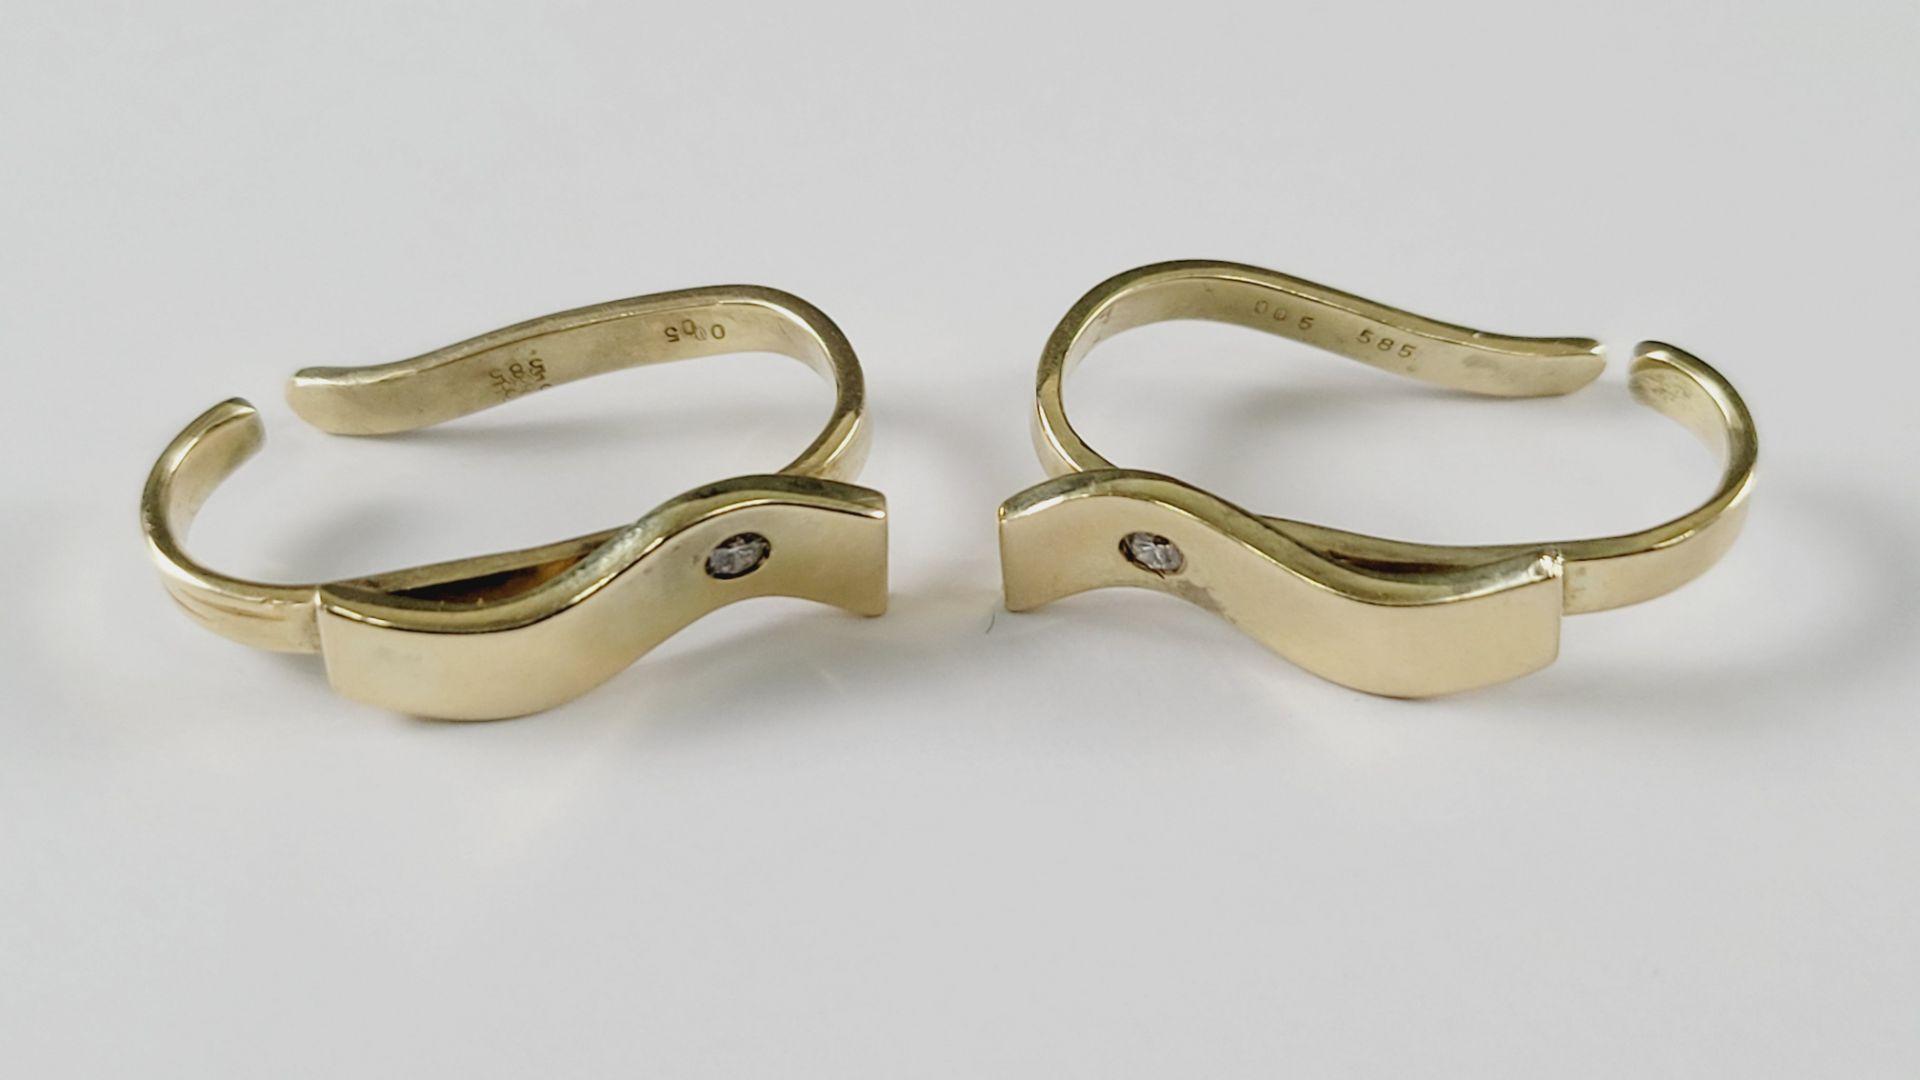 Tuchringe mit Diamanten, 14 Karat Gelbgold - Bild 2 aus 2
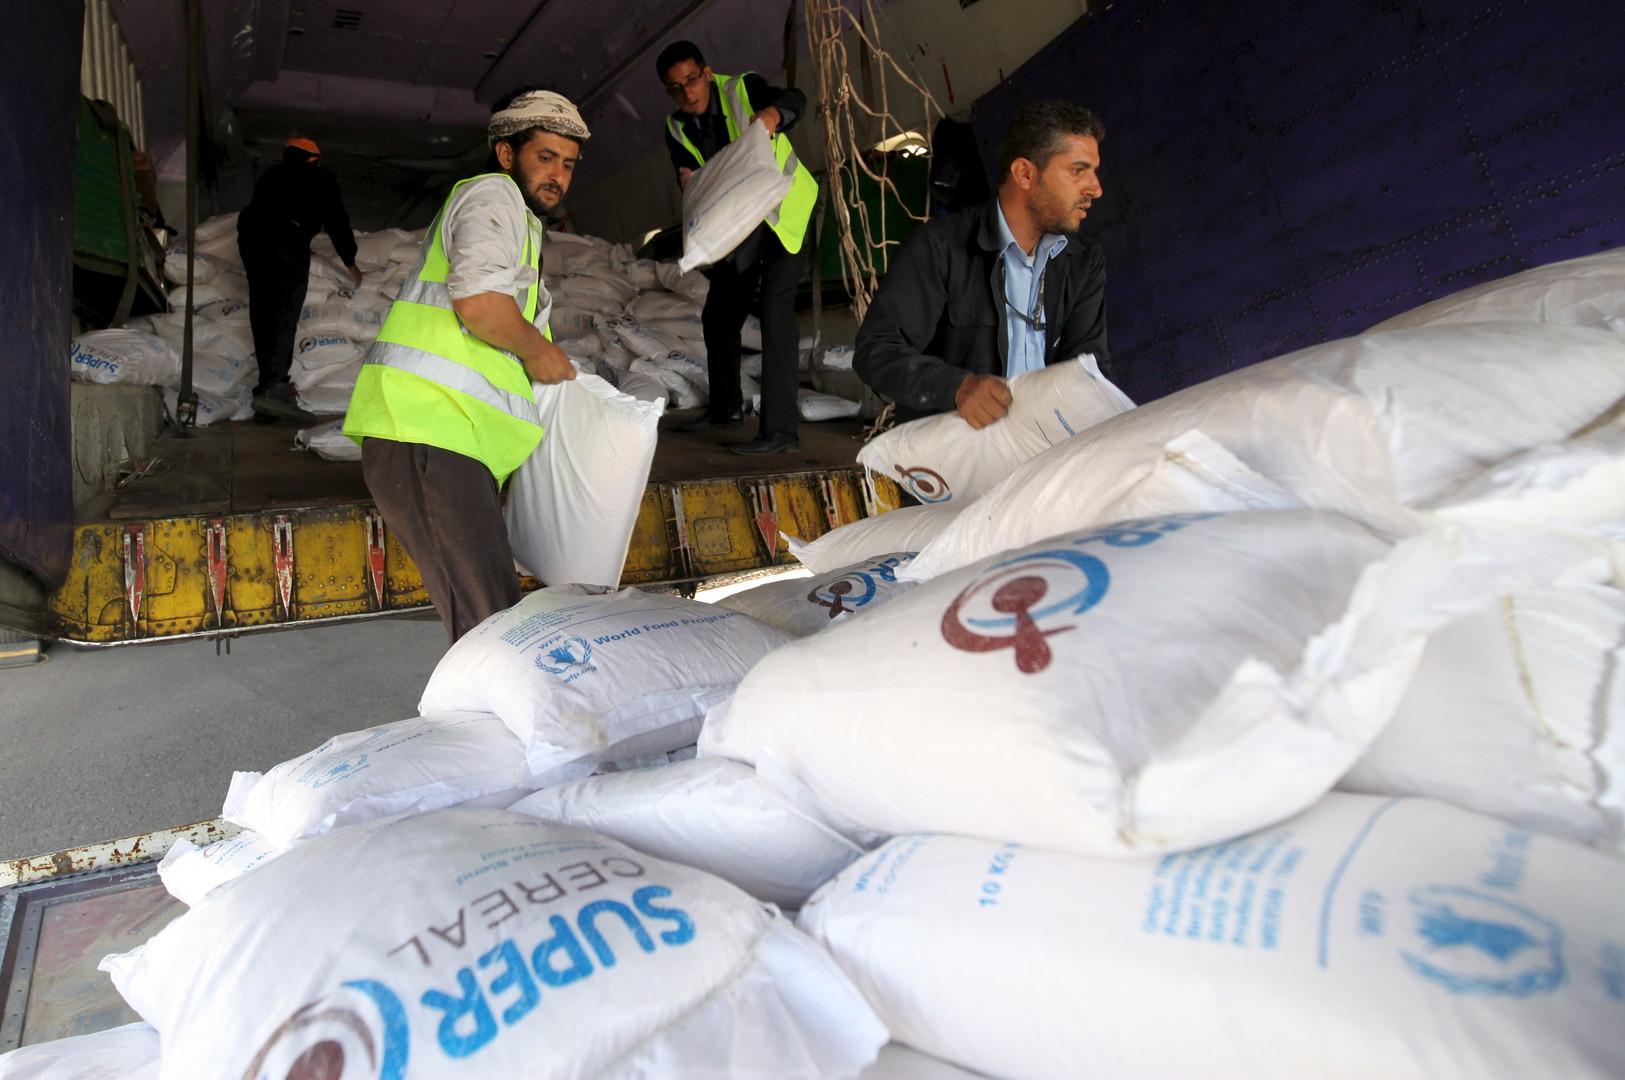 اتفاق بين برنامج الغذاء العالمي والحوثيين على استئناف توزيع المساعدات
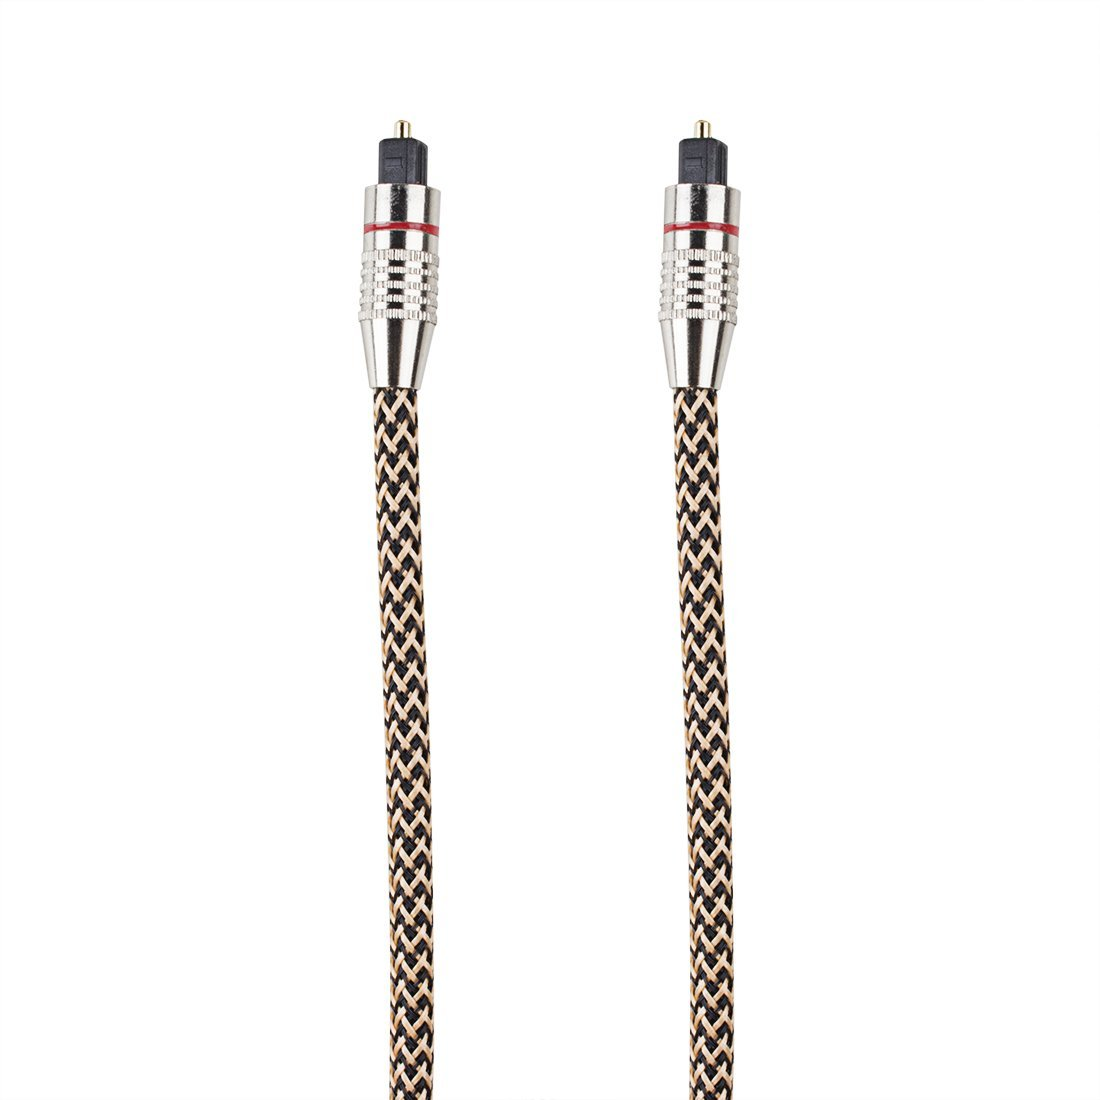 Amazon.com: eDealMax Cable de Audio óptico 3.3 Pies 1 Metros Macho a Macho chapado en níquel Con Cable de Metal Conectores OD 6mm Digital óptica alambre ...

--*--

The listing above, line by line: print it exactly, but not its pictures.

 Tuchringe mit Diamanten, 14 Karat Gelbgold - Bild 2 aus 2
 اتفاق بين برنامج الغذاء العالمي والحوثيين على استئناف توزيع المساعدات
 Amazon.com: eDealMax Cable de Audio óptico 3.3 Pies 1 Metros Macho a Macho chapado en níquel Con Cable de Metal Conectores OD 6mm Digital óptica alambre ...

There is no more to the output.